El caballo blanco
¿Te interesa saber cómo me relacioné
con la pintura o el dibujo?
Fue en la infancia.
Mis hermanas tomaban clases de dibujo
con una profesora francesa
cuya cara se ha borrado
pero no la mano ni el sexo,
ni esa goma de borrar o de no borrar.
Tal vez hago un trait-d’union: prosa-verso;
para mí prosa equivale a pintura (femenino),
verso (masculino) al dibujo.
Debajo de una mesa
recogía los restos de dibujos rechazados
y los examinaba a hurtadillas
y hasta robaba alguna lámina
que servía de modelo.
Había ojos, bocas, orejas sacadas, creo,
de alguna estatua griega.
La oreja era mi preferida
porque parecía un caracol;
era algo independiente que no se asociaba
demasiado a lo que era,
no una oreja para oír sino para adornar,
para placer o adorno,
de donde colgaban aros o piedritas,
cuanto más grandes las señoras
más grandes las piedritas.
Sin embargo me seducían las sombras
más que un juguete,
las líneas más que un caramelo.
Cuántas veces dejé de chupar
hasta el fin un “sucre d’orge”
por entusiasmarme ante alguna de estas láminas
que provocaron alguna reprobación
por haberla tocado
con las manos pringosas o destructoras
y no tan respetuosa como requería mi corazón
gobernado en aquellos tiempos
por mis ojos.
Entre tanto papelerío
se encontraban esas imágenes menos clásicas
que esas cabezas francesas:
dos bailarinas y un caballo
(así lo recuerdo al menos).
Una bailarina que calqué
con papel carbónico,
porque ya me habían dado como juguete
un lápiz maravilloso.
La bailarina fue aplaudida por toda la clase
que se componía de tres personas,
lo que me hizo sentir
en el pináculo de la gloria.
Pero no fue lo mismo con el caballo.
Ciertas protuberancias
demasiado evidentes pero reconocibles
escandalizaron a alguien.
Recuerdo el rubor de ciertas caras jóvenes
que reían
escondiendo la risa detrás de un papel,
coqueto, como abanico improvisado.
Las menos jóvenes, impávidas,
controlaban la infidelidad del dibujo.
La implacable goma de borrar comenzó a destruir
la parte más importante de mi dibujo
porque era la que más
me había costado armonizar con el resto del dibujo
por ser insustituible.
Estaba a un paso de ser una niña prodigio,
el rubor me cubría la frente
pero la goma de la modestia me lo impedía.
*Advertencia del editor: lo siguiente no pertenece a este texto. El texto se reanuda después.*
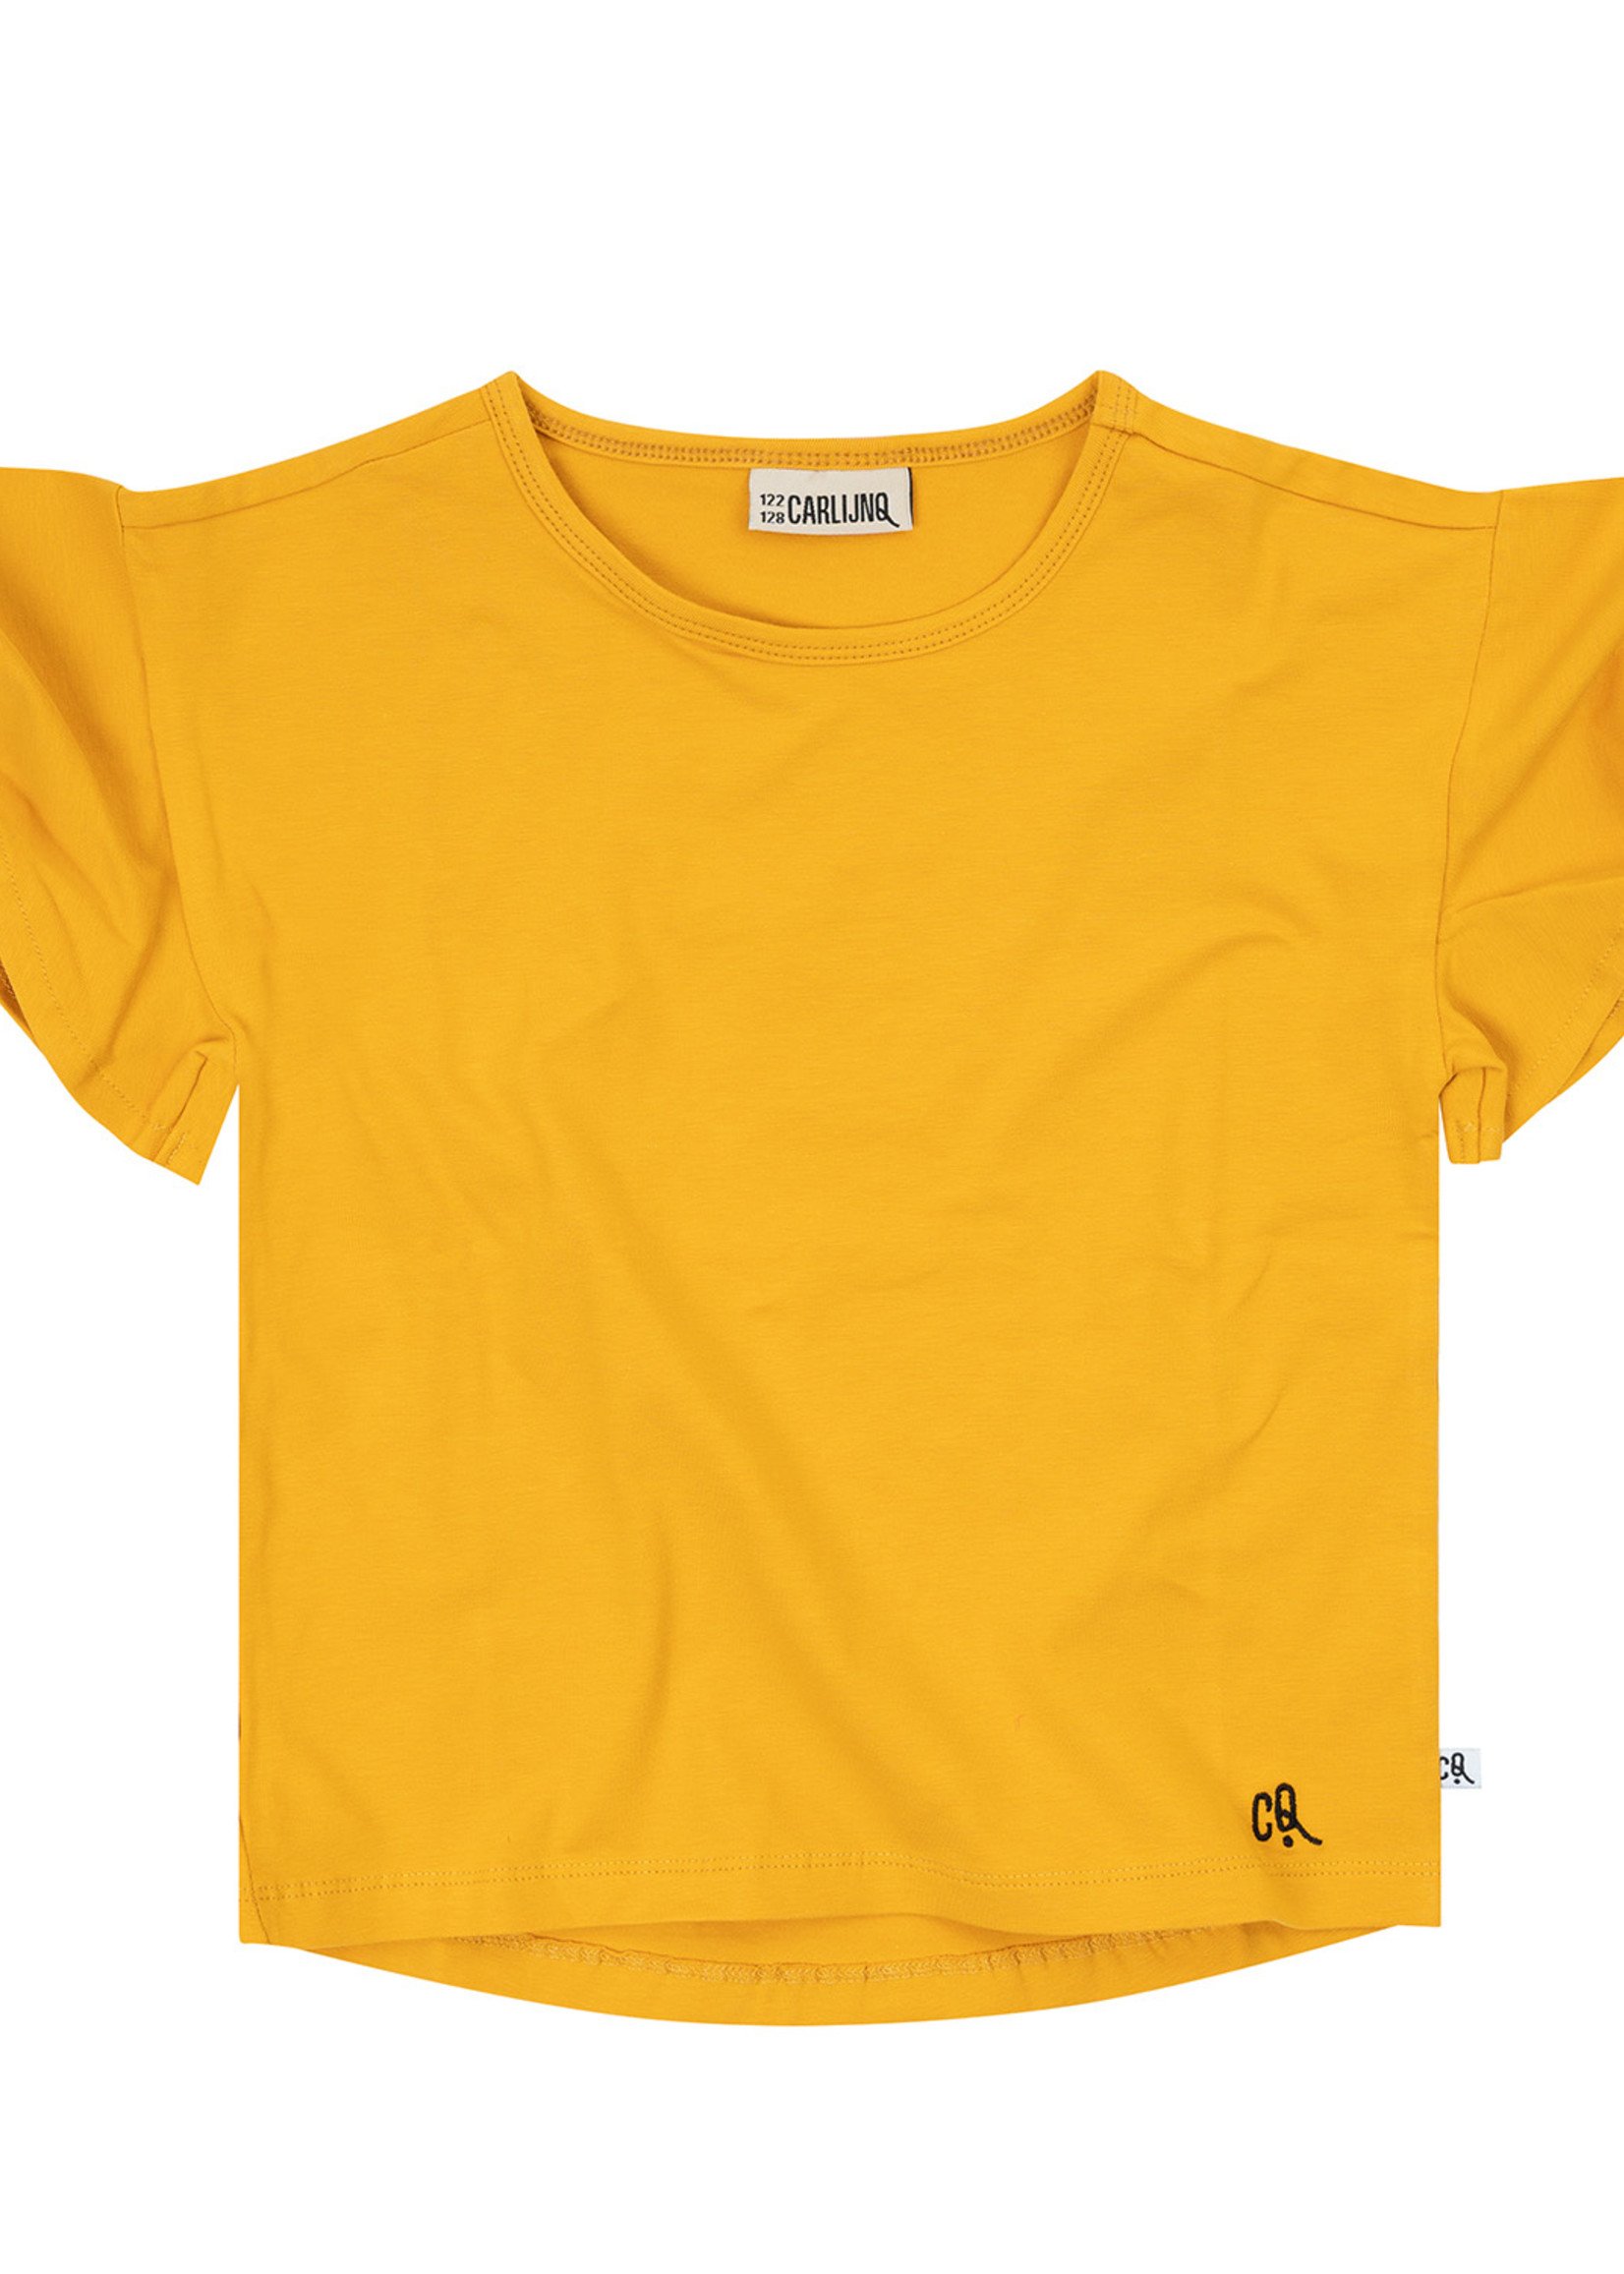 CarlijnQ Basics sun - butterfly shirt
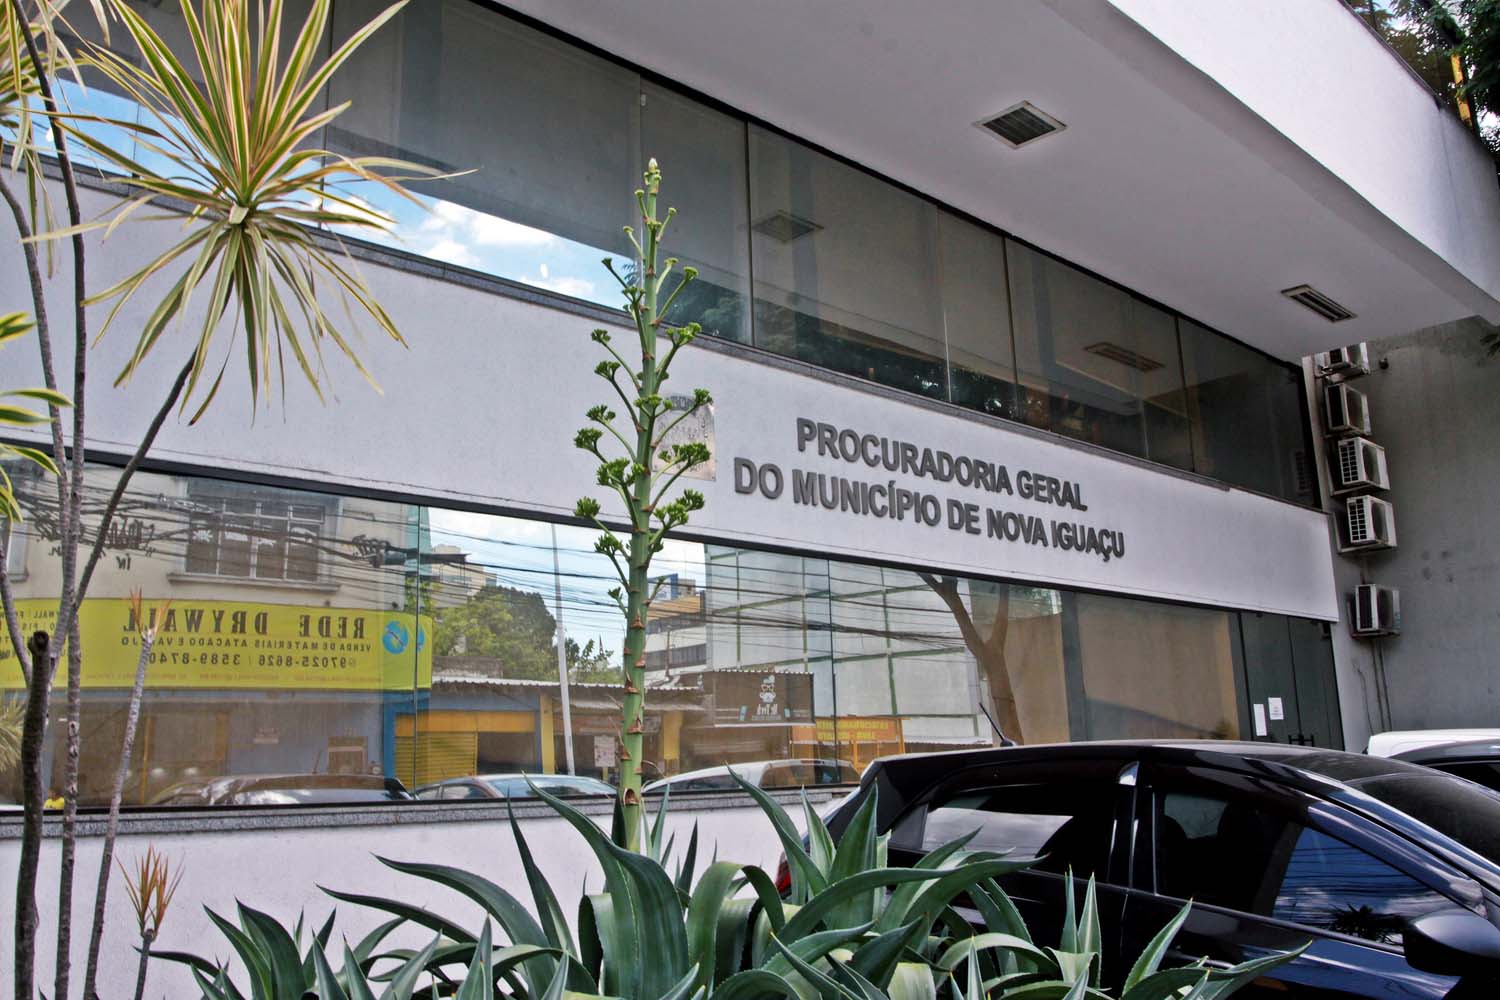 Prorrogado o prazo de inscrições para o Programa de Estágio Forense da Procuradoria Geral do Município de Nova Iguaçu

¡Esas gomas de borrar variadas!
Entonces fue revelada la belleza
“me dio falicidad”
de esperar la pintura en un museo
que me dio la facilidad de la esperanza.
Fue en un museo que descubrí
la presencia de aquel caballo.
Entré por la escalinata de mármol
de aquella construcción tan preciosa
y me detuve frente a un caballo de mármol.
Me quedé sin moverme,
mirándolo un rato,
las personas grandes que me rodeaban
consideraron un siglo.
No me alcanzaban los ojos
para descifrar el misterio
de este caballo tan parecido
al que había dibujado aquella tarde.